The official festival's welcome exploration of Asian traditional music ended by producing more than one first.

This wasn’t the first time that musicians from Rajasthan had visited Edinburgh at festival time but it was the first time that the remarkable Bhanwari Devi had appeared outside of India and it was also the first time that a song common to the three separate traditions represented here had been performed together by musicians from those traditions.

If the result of the latter had a certain tentative, if still very affecting, quality, the rewards of hearing Devi singing her songs of centuries old provenance were profound.

I emphasise hearing because Devi covers her face with her headscarf when she sings and seems to go into a vast reservoir of folk wisdom to draw on stories which, not knowing her language, we can’t follow literally, although we can get a flavour of them from her deeply expressive, beautifully ornamented singing.

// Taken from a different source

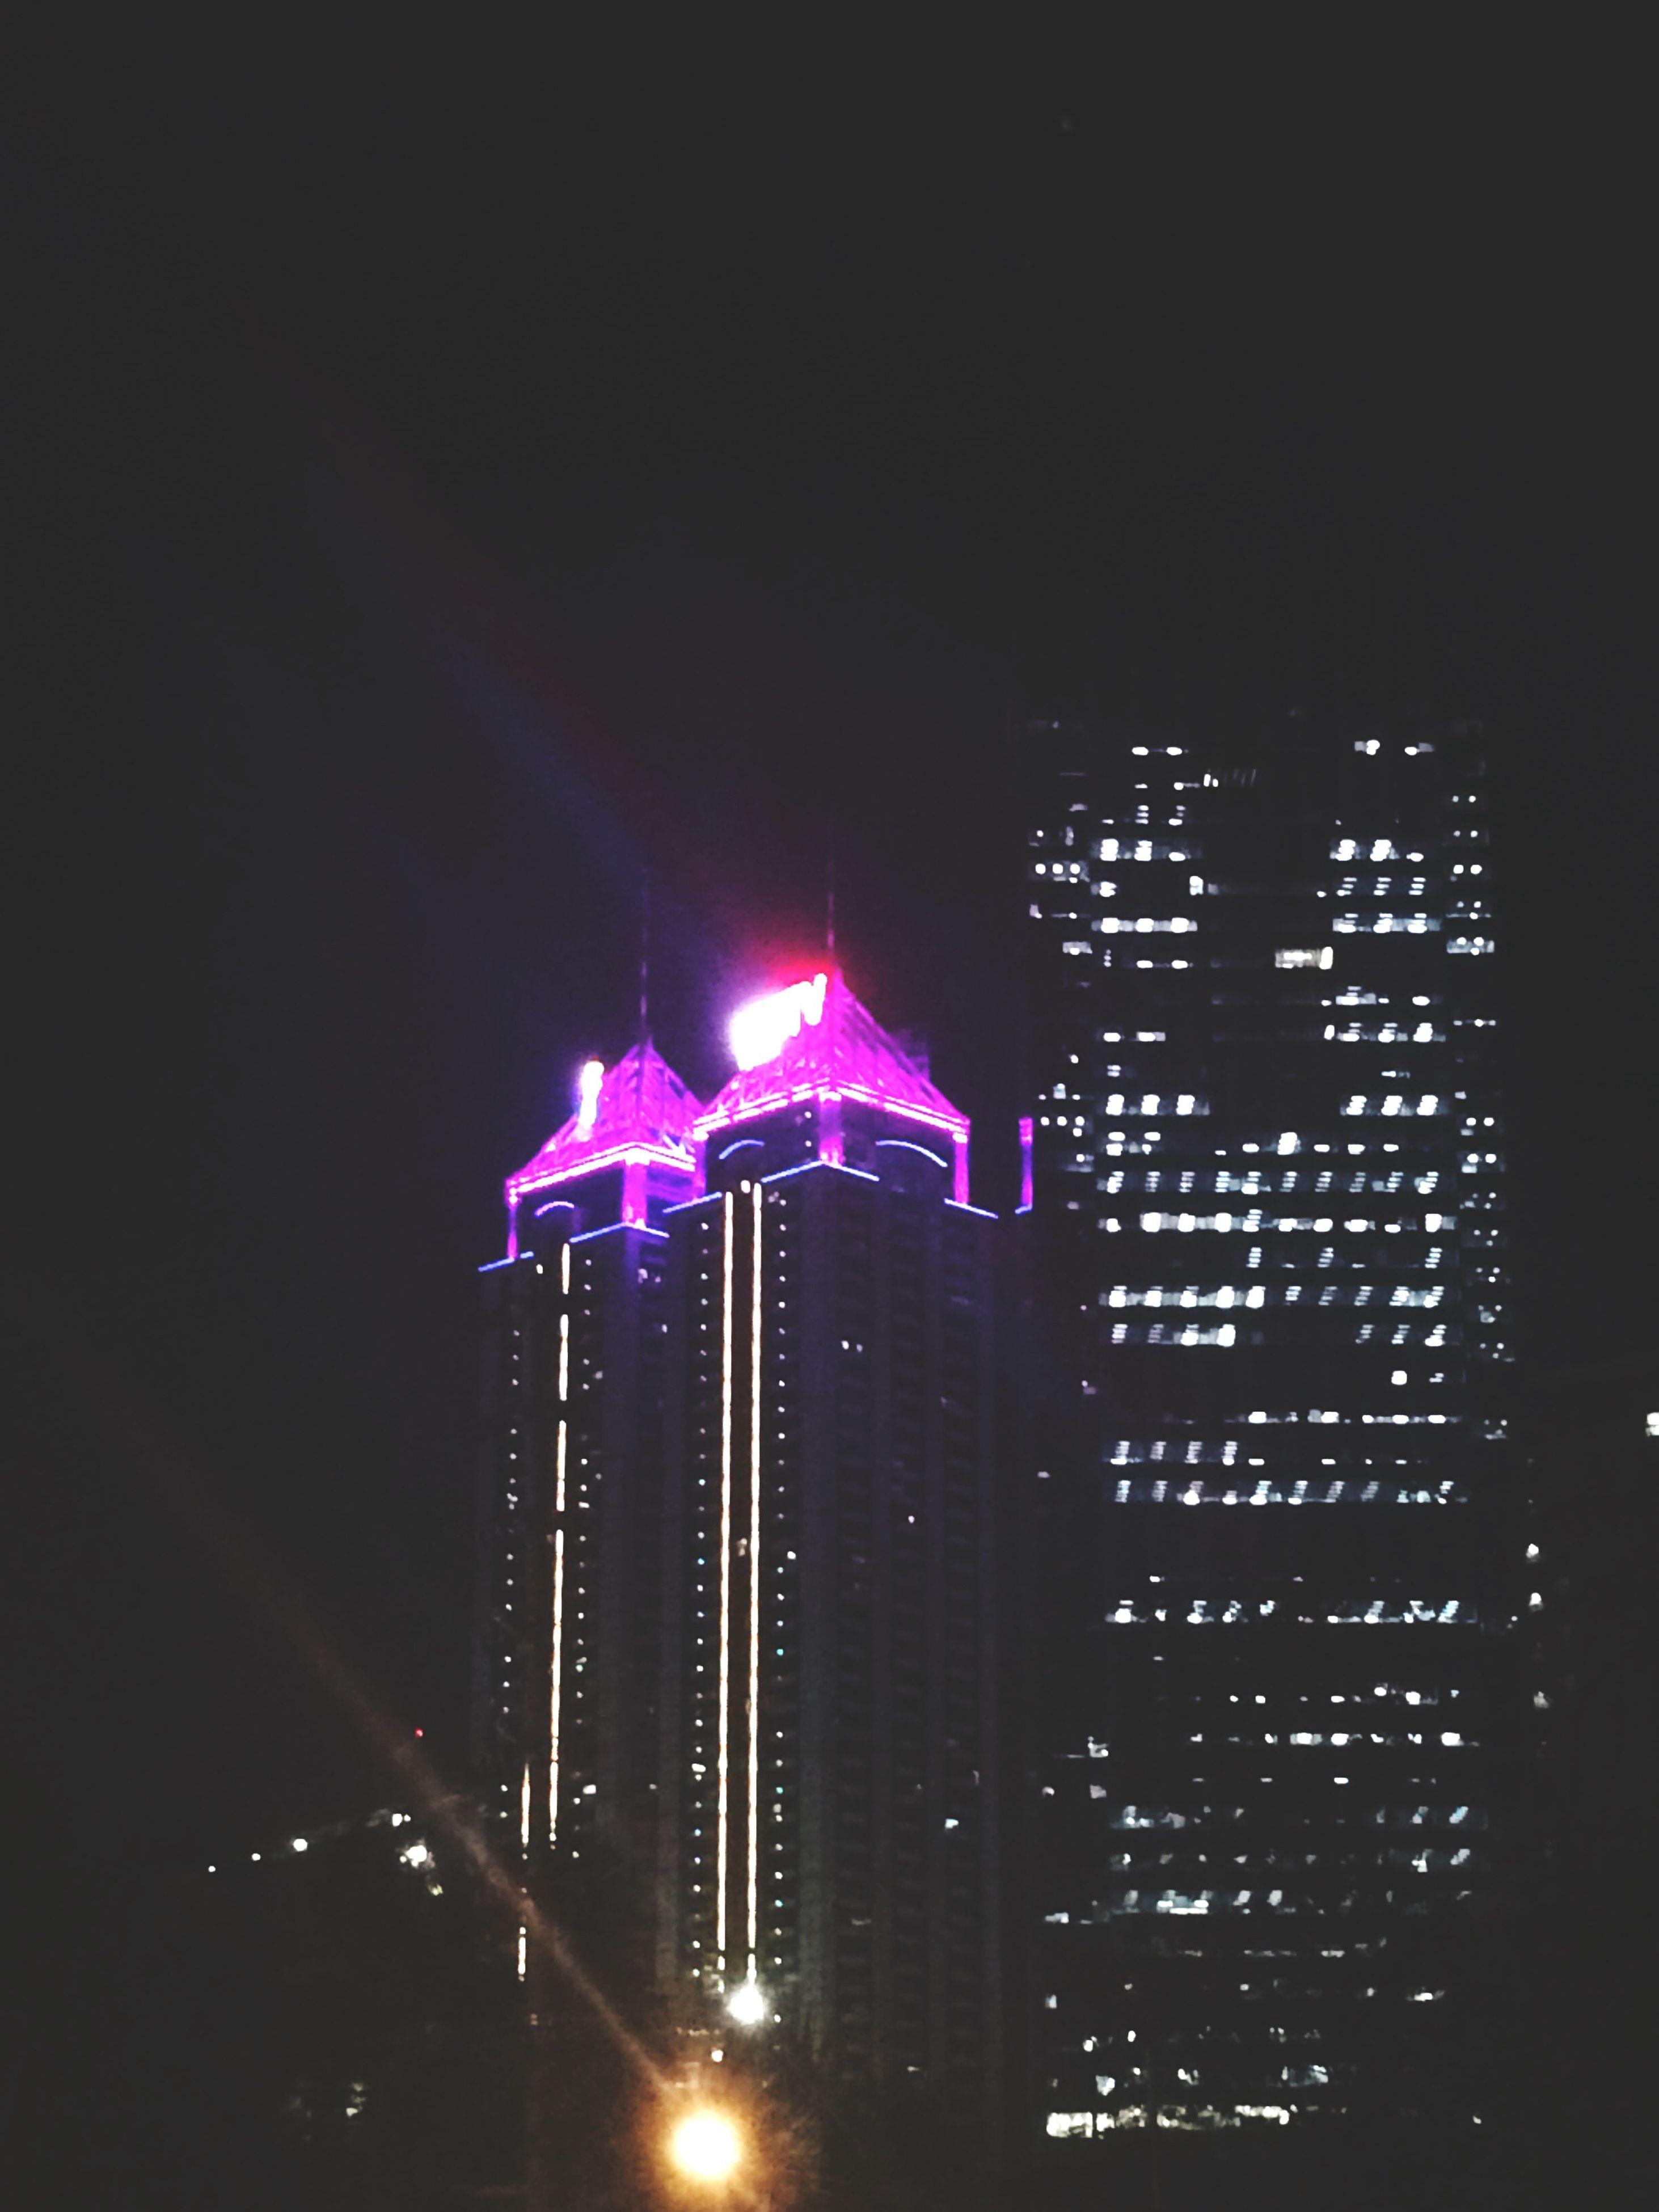 night, no people, illuminated, outdoors

With accompaniment from her sons, Krishna Kumar (harmonium) and Indra Chand (dholak or hand drum), these spiritual tales drawn from epic recitations could be both plaintive and rhythmically momentous and when Krishna took his late father’s place in singing the male part of a duet it produced a real sense of occasion.

Flanking this trio, the splendidly attired singers and masters of the bowed and intricately haunting sindhi sarangi Lakha Khan and Kadar Khan were by no means bit part players, adding respectively a sage authority and a roguish charm, with the latter revelling in his tales of trinket sellers getting short shrift and camel decorators being thwarted to the dholak’s insistent, persuasive rhythms.